"""

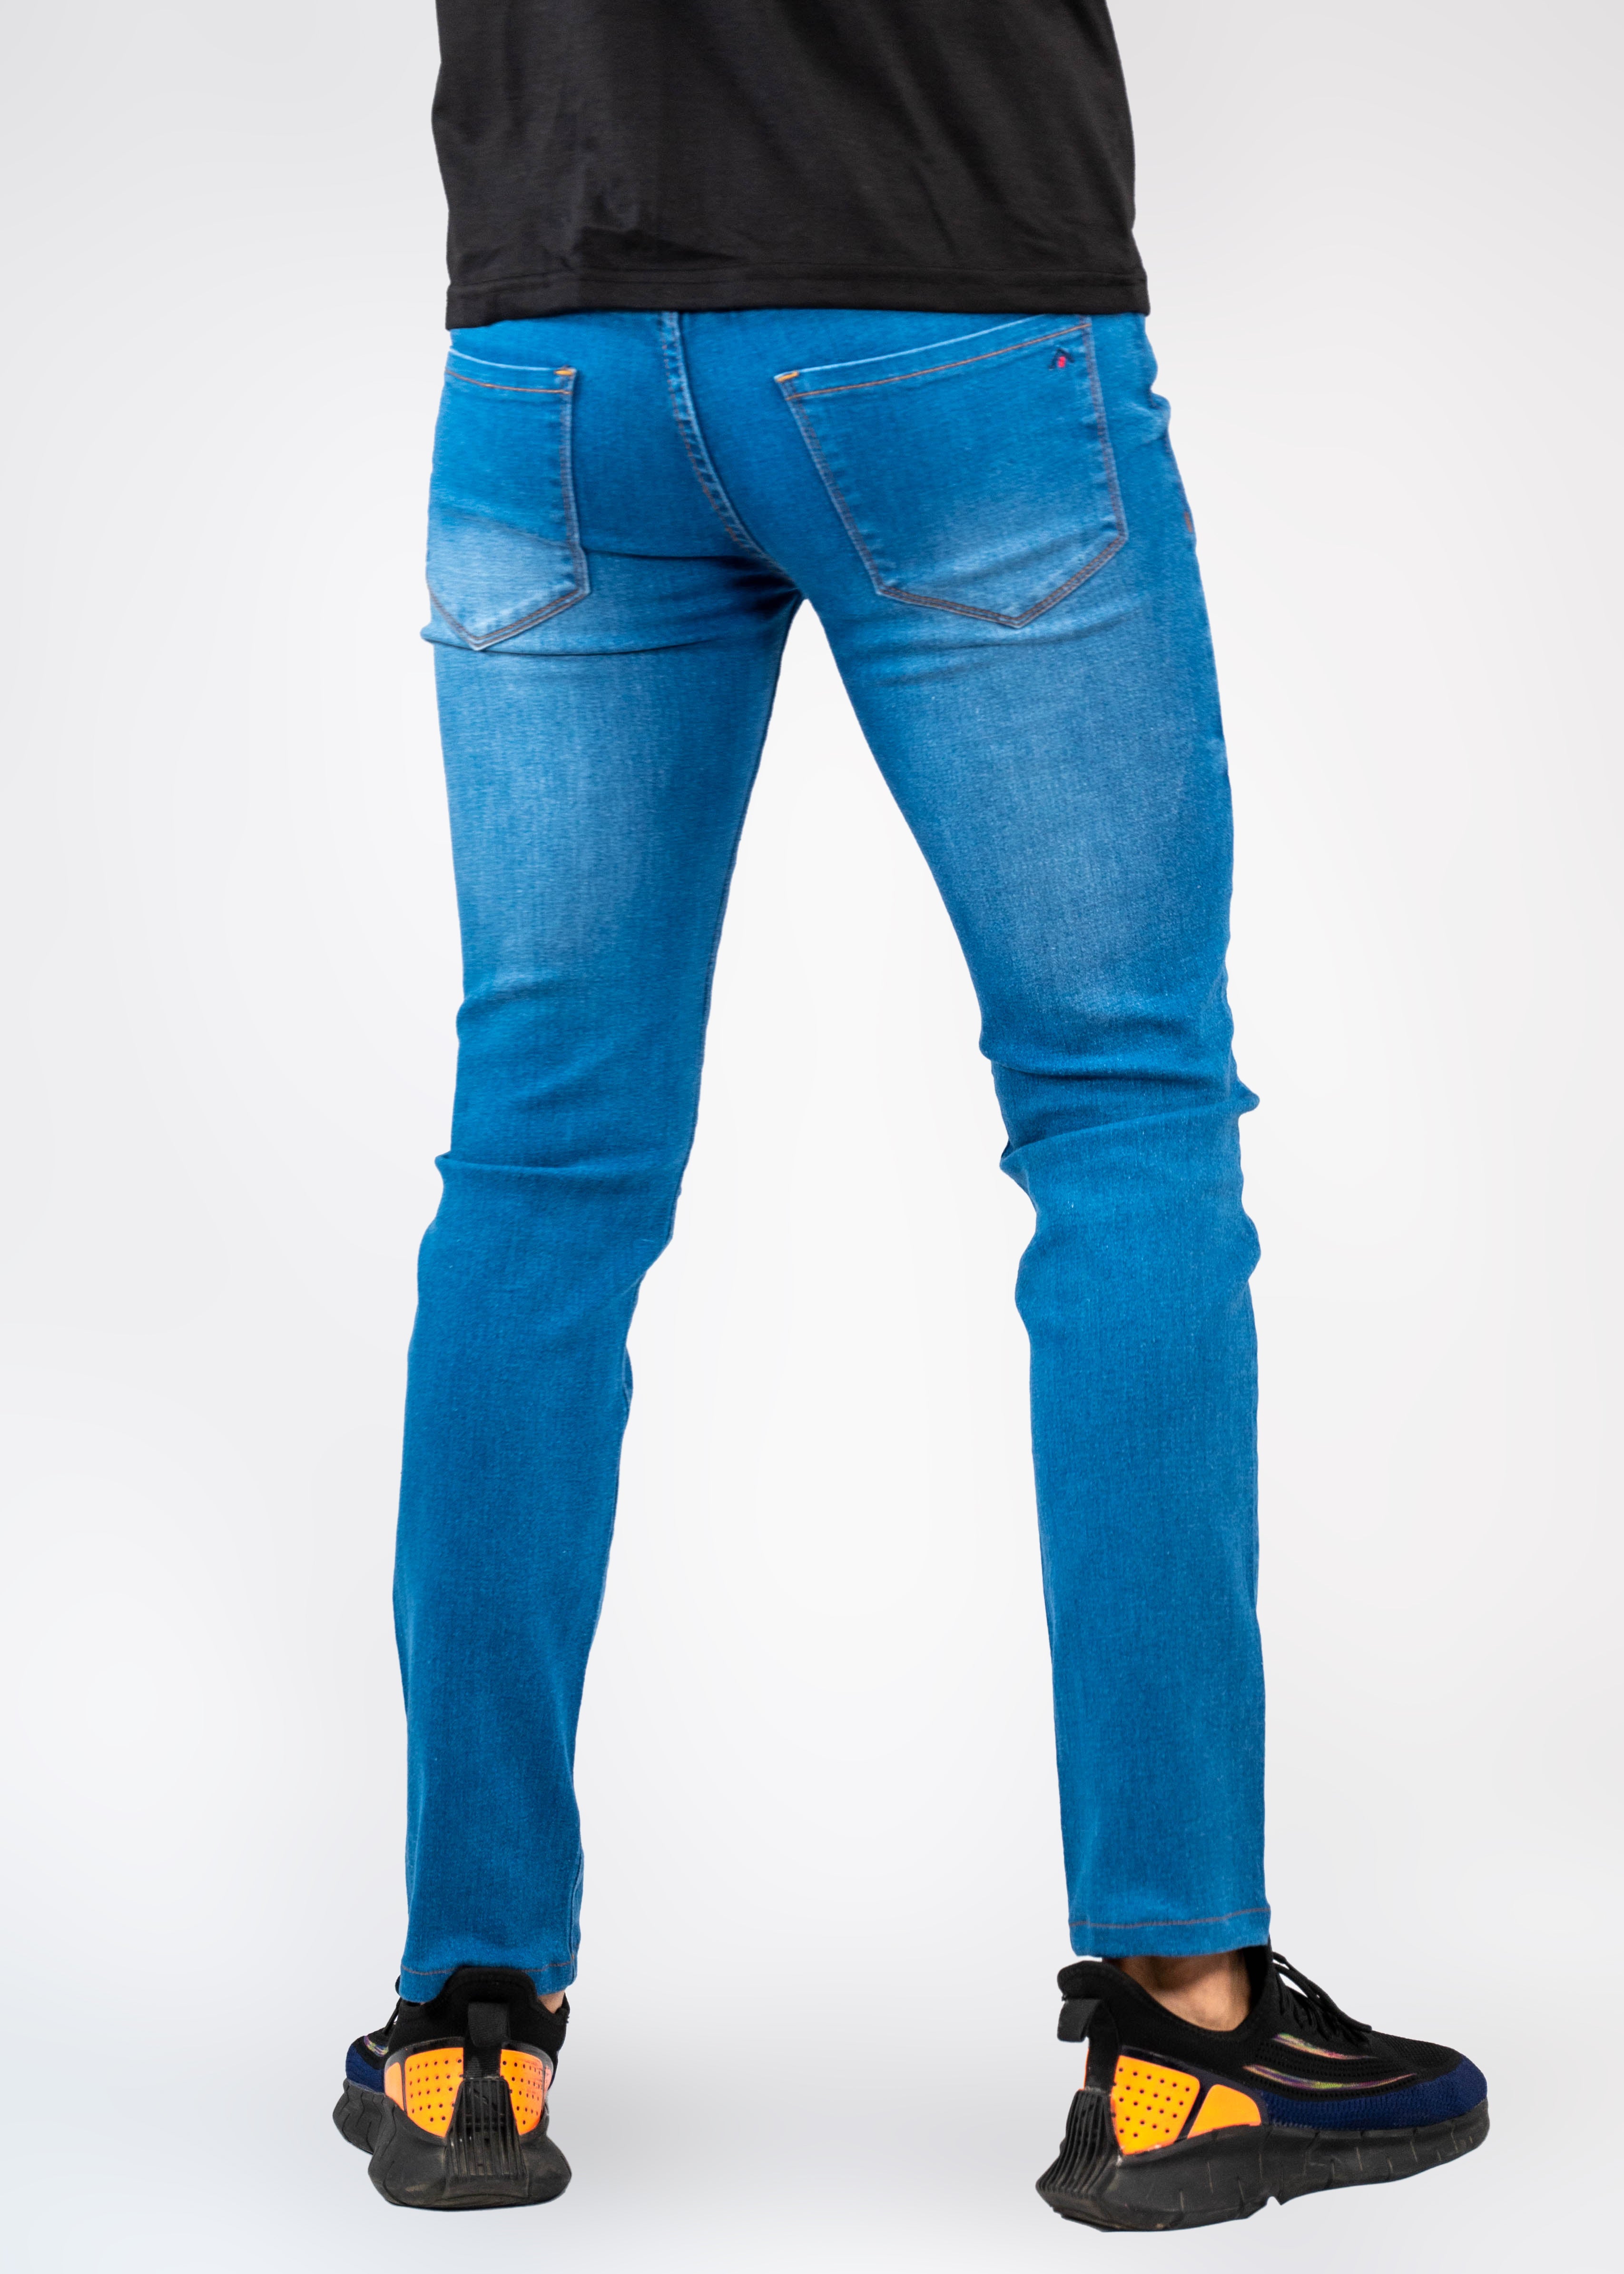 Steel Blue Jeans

"""
"""

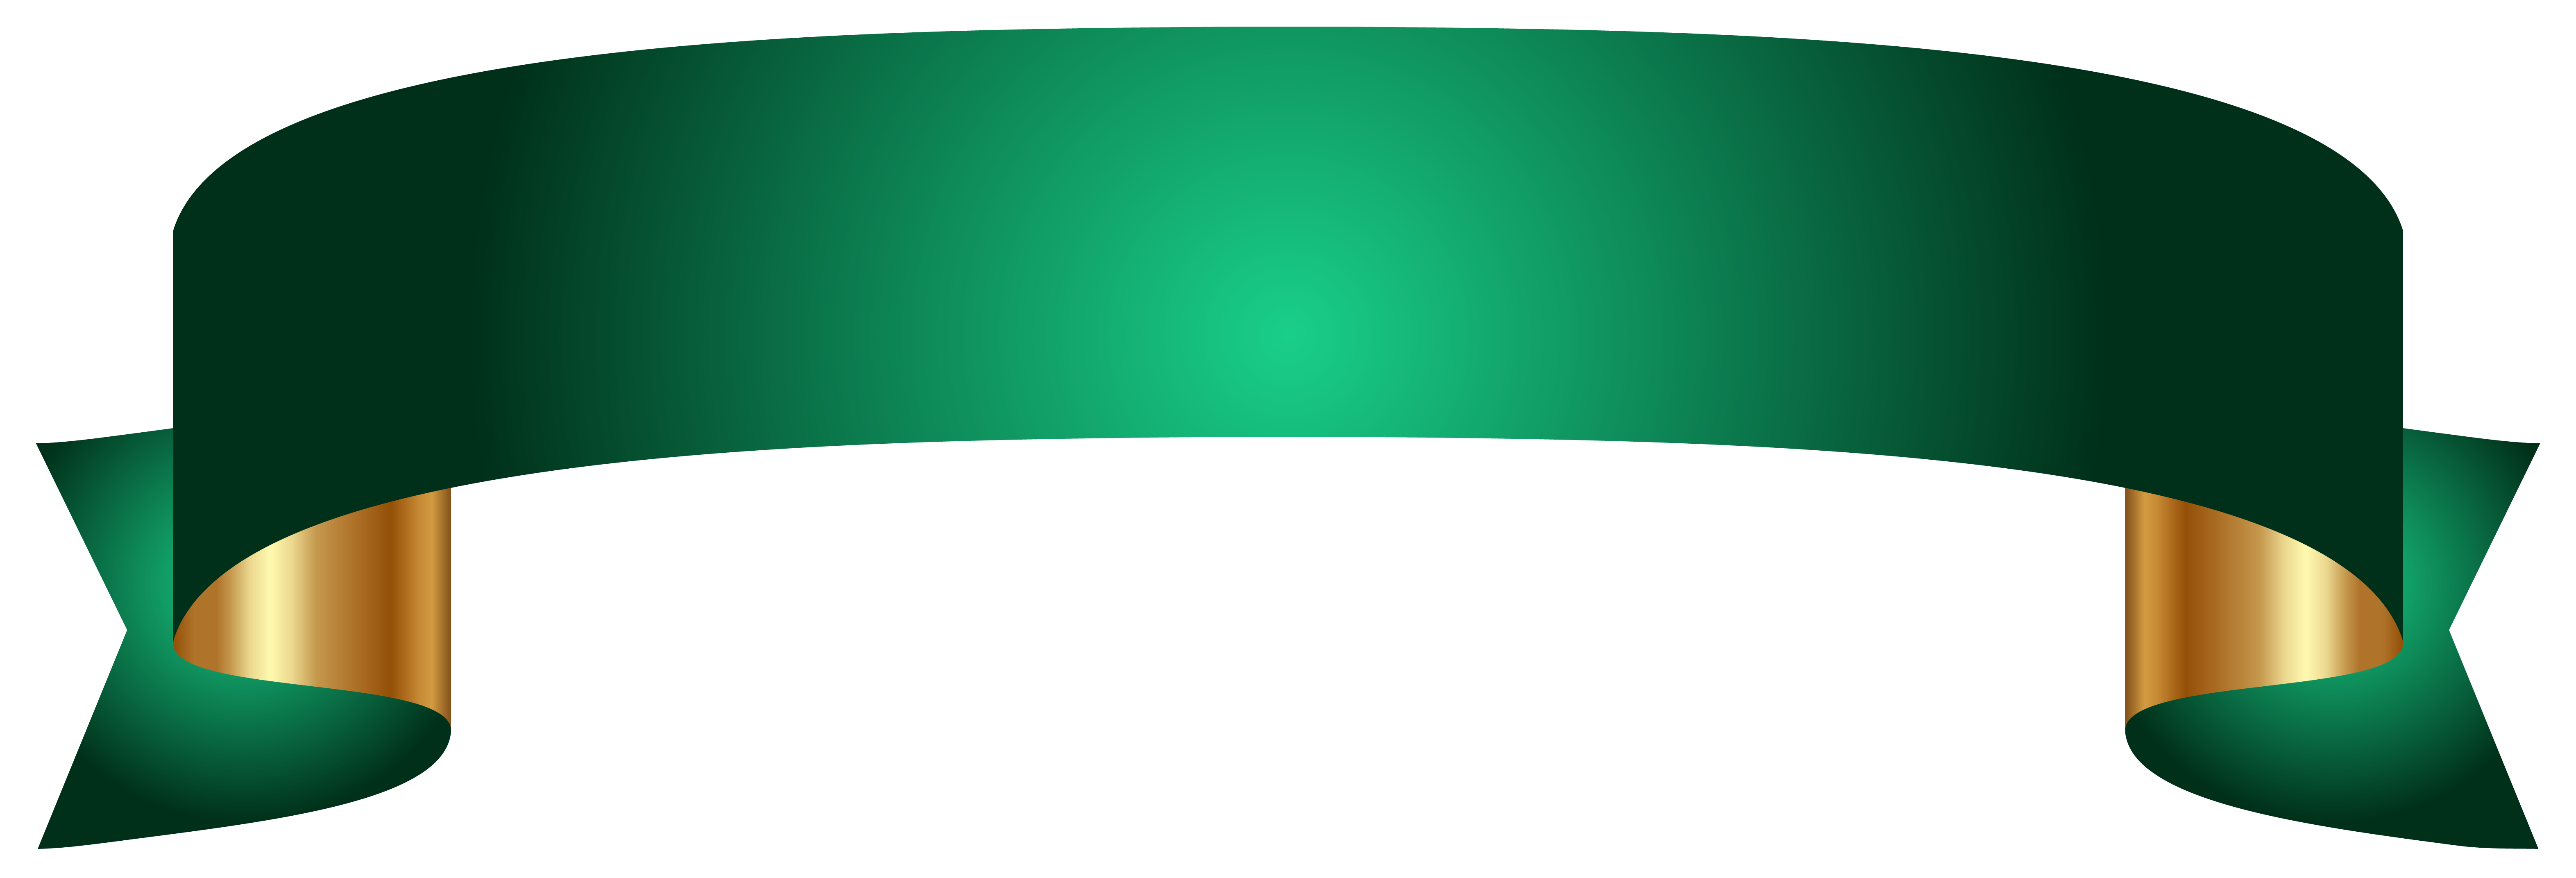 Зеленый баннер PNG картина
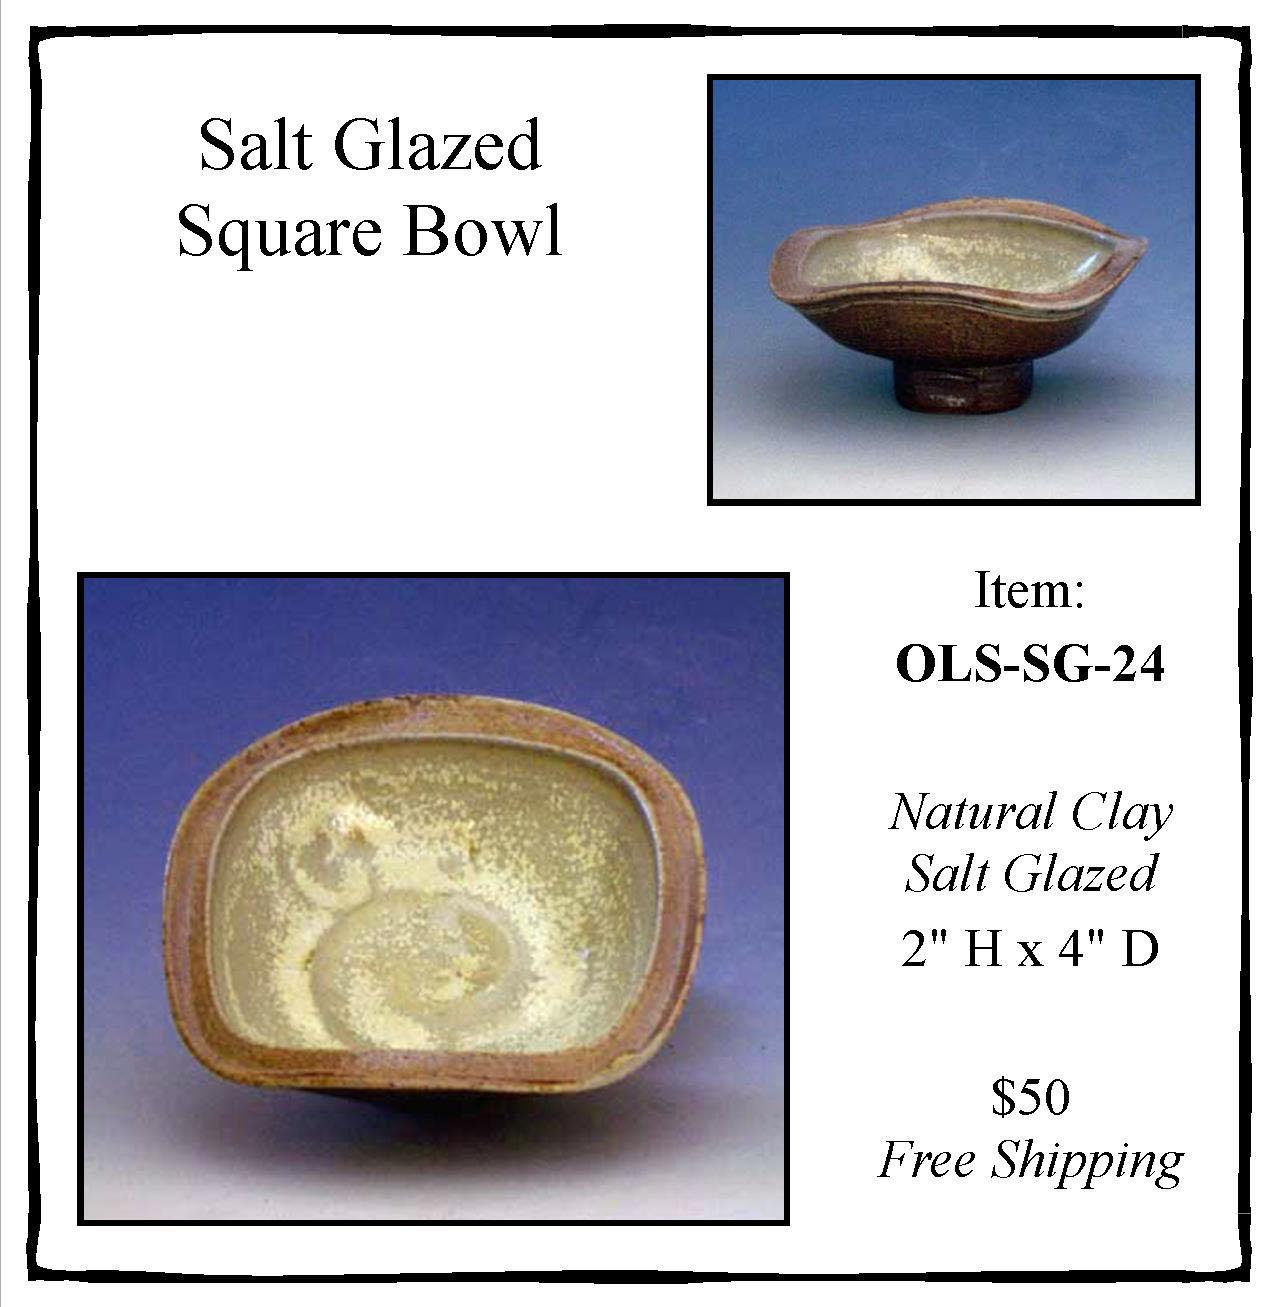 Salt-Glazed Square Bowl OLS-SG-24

"""

» **Description of the task**
Set down, exactly as written above, each line from the one with "Зеленый баннер PNG картина" through the one with "Salt-Glazed Square Bowl OLS-SG-24", and skip the pictures.

» **Answer box**
 Зеленый баннер PNG картина
 Salt-Glazed Square Bowl OLS-SG-24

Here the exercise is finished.